И вдруг глаза Сивого потеплели от слез. Но нет, он не заплачет. Несмотря даже на то, что он — во второй раз после ареста Миколы Кужелевича — снова почувствовал, снова понял, как это тяжело, когда ты остаешься… ну, не совсем один… не совсем сирота… а все-таки, как это тяжело и горько!..
11
В панском саду и в старом, запущенном парке заливались соловьи. Они, видно, и не думали о завтраке, хотя пели не умолкая от самых сумерек.

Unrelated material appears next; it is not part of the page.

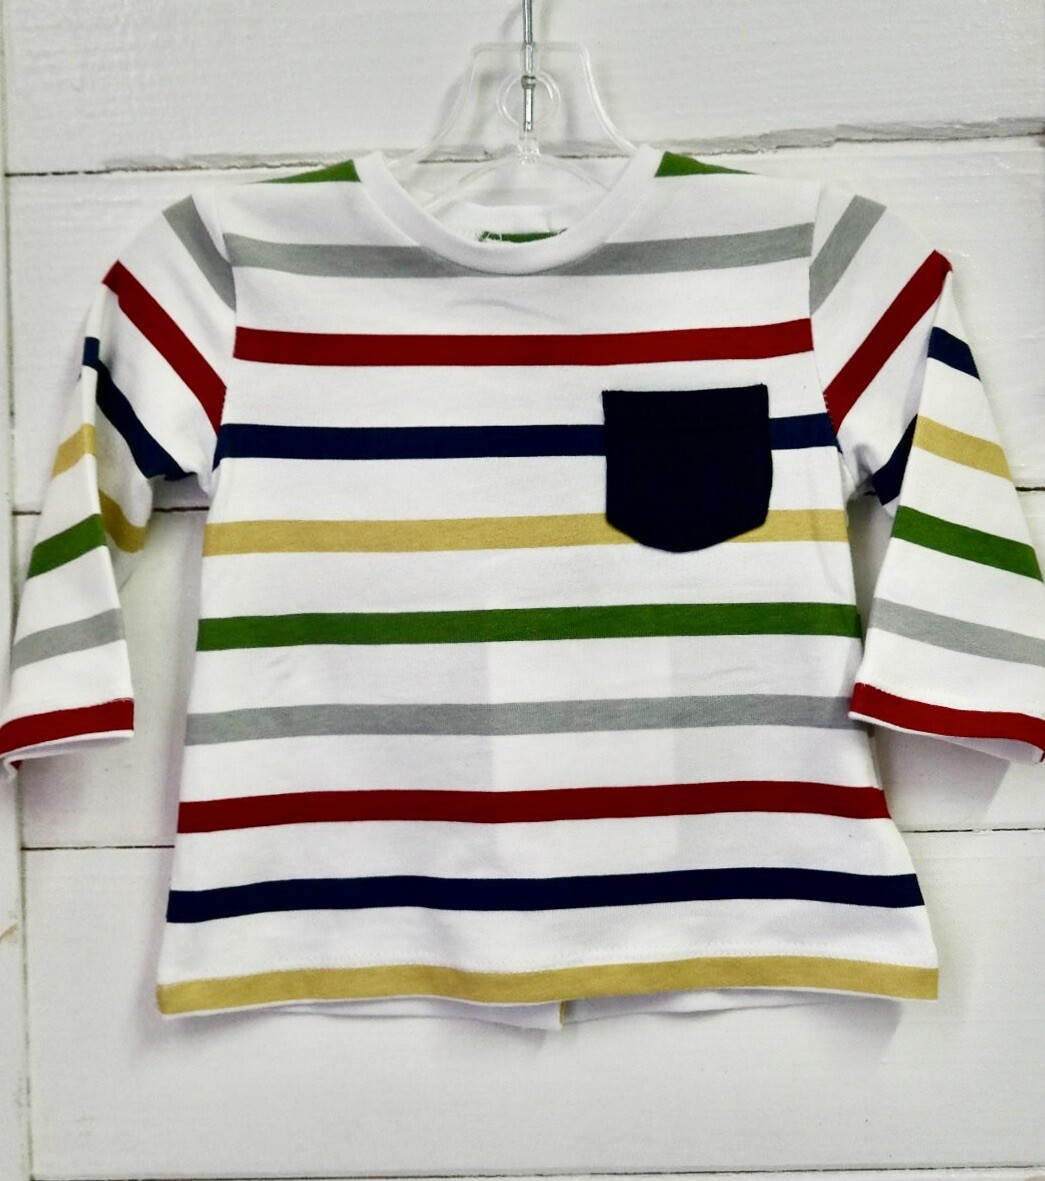 Cuore L/S tee - 1-2mo Stripe
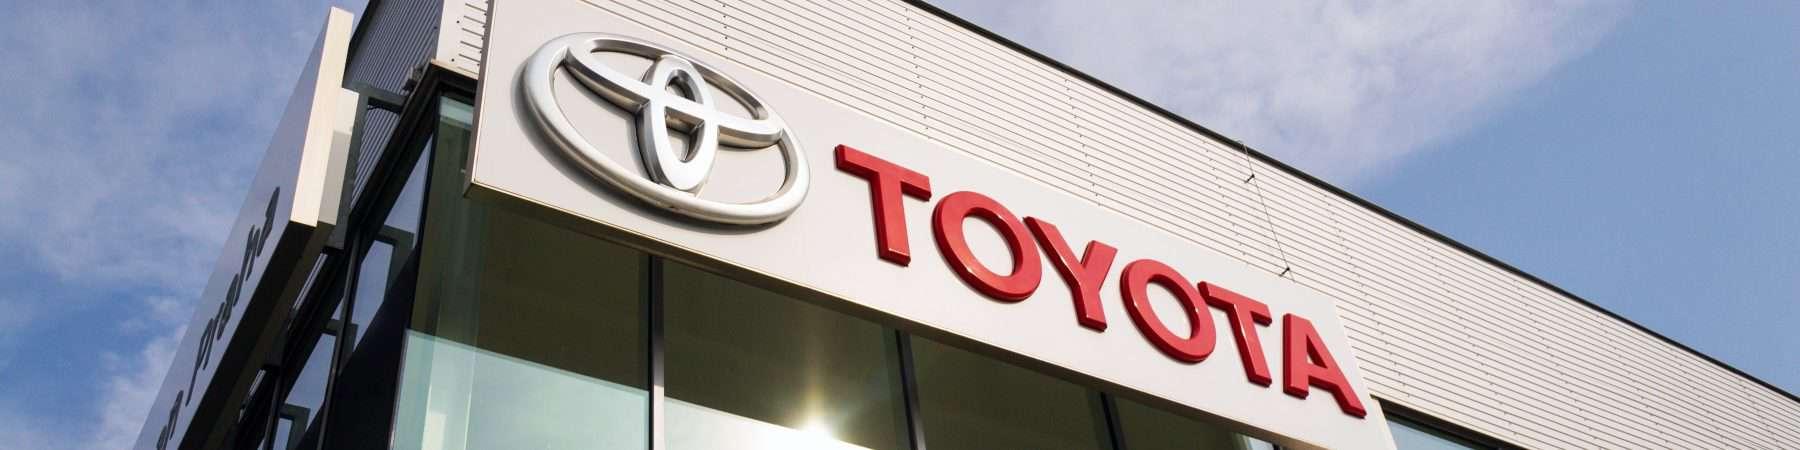 Toyota facade

Солнце взошло, но лучи его пока освещали только верхушки лип, в листве которых галдели галки.
Из застекленных белых дверей деревянного дома на высоком каменном фундаменте вышел заспанный пан Вильчицкий.
— Тебя чего пригнало сюда так рано? — недовольно спросил он у стоявшего перед крыльцом мужика.
Марко Полуян, голынковский солтыс, прежде всего снял шапку и поздоровался:
— День добрый, паночку. Бардзо пшепрашам[15], что я нарушил спокойствие вашего сна. Я бы подождал, да ваша покаёвочка…[16]
— Чего тебе надо, Полуян?
Мужик стоял внизу, на земле, а панские сапоги блестели на уровне его бородатой физиономии. На мужике была «покупная» рубаха с застегнутыми кармашками, серые домотканые штаны, кепка, а ноги — босые. Пан красовался в хромовых сапогах, в черных галифе; белая сорочка была расстегнута, над ней — клочья усов и большая, точно отполированная, лысина.
Слушая, что ему говорит Полуян, пан Вильчицкий громко откашлялся и плюнул. Плевок пролетел мимо самого мужика. Дядька даже не шевельнулся.
— Пшепрашам, Полуян, — сказал Вильчицкий и повторил: — Кхэ! Брр!..
— Ничего, паночку, на здоровье, — угодливо улыбнулся Полуян. — Так я все о том же: пока суд да дело — я у вас сразу беру две десятины. И деньги — из рук в руки.
— Что мне твои деньги, Полуян, — говорил Вильчицкий, спускаясь с крыльца. — Я у Черного брода отдам за четвертую копну, так у меня его с руками оторвут. Еще и поблагодарят, не то что…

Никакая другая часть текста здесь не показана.